The gas used to treat soil samples was the only difference between two subgroups of lab-treated soil, which suggests that the metabolism of electrolytic hydrogen in soils is the main reason for the significant variation of bacterial community structure in hydrogen-treated soil samples (H2 and H4). In Group X1, hydrogen treatment was also the only known difference between the subgroups G- and G+ because HUP nodules released hydrogen gas to rhizosphere soil, while little hydrogen was released from HUP+ nodules. Therefore, it can be deduced that metabolism of hydrogen in soils was responsible for the significant variation of bacterial community structure in greenhouse soils adjacent to the HUP nodules (G-2 and G-6).

Although the intensity variation (% of total area) of TRF peaks is not always linked with the quantitative variation of bacterial communities, the especially large intensity differences could be used to reflect population changes. The fact that some peak areas increased by 10% of the total area (Fig. 3) after exposure to hydrogen gas suggests that those TRF peak increases are very likely the results of hydrogen-induced bacterial population changes, responsible for hydrogen metabolism in soil, because these variations were repeatable and related to the hydrogen treatment and hydrogen uptake rate increase of soil samples.

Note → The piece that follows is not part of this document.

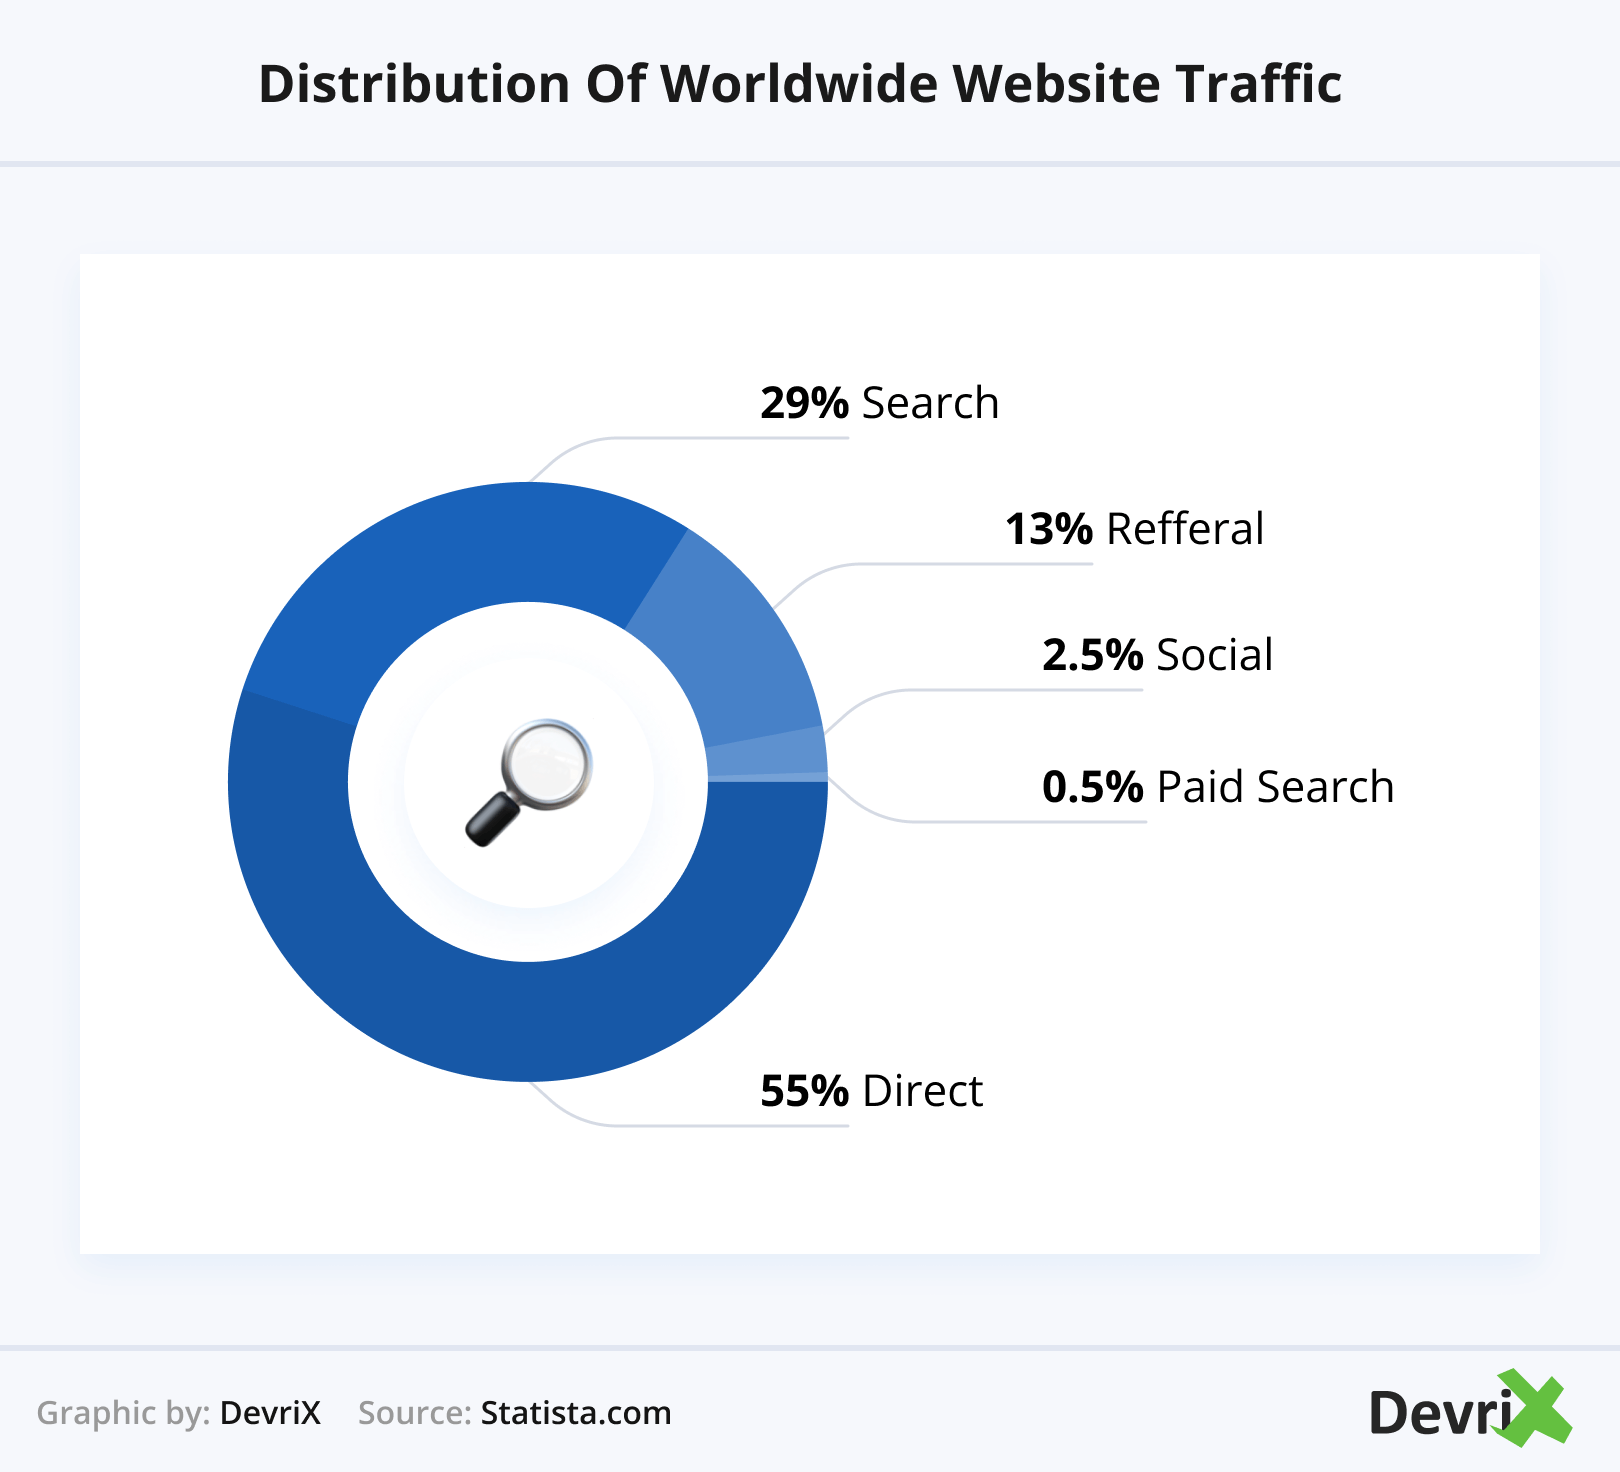 Distribution of worldwide website traffic

The hydrogen-oxidizing bacterial populations must have been small before they were exposed to hydrogen gas. During the hydrogen treatment, they were activated and consumed hydrogen to support their growth (Dong and Layzell 2001), which increased the hydrogen uptake rates of the soil samples.

Nocardia was suggested to be responsible for the main hydrogen uptake in hydrogen-treated soils by McLearn and Dong (2002). Five strains of Pseudonocardia isolated from hydrogen-treated soils by Osborne are known to utilize hydrogen and promote plant growth (personal communication 2006). However, the PAT (phylogenetic assignment tool) analysis showed that the major increased peaks induced by hydrogen are dominated by the Gammaproteobacteria and Firmicutes groups, while the dominant bacteria in the significantly decreased peaks appear to be the Actinobacteria and Alphaproteobacteria. This supports the observation that Gammaproteobacteria are stimulated by hydrogen treatment (Stein et al. 2005).

Although the PAT analysis extended the utility of T-RFLP as a community fingerprinting method for comparisons of bacterial community composition between treatments, this method is complicated for capillary electrophoresis, in particular by the fact that observed and expected T-RF sizes often differ (Kaplan and Kitts 2003), making definitive prediction problematic. Since hydrogen-induced T-RFs have been identified, it is possible to use large clone libraries to identify bacteria that are representative of the significantly changed T-RFs in a total community profile. This approach could also be used to discover some other previously unknown and unpublished species that are also involved in the hydrogen-induced variation of bacterial community structures.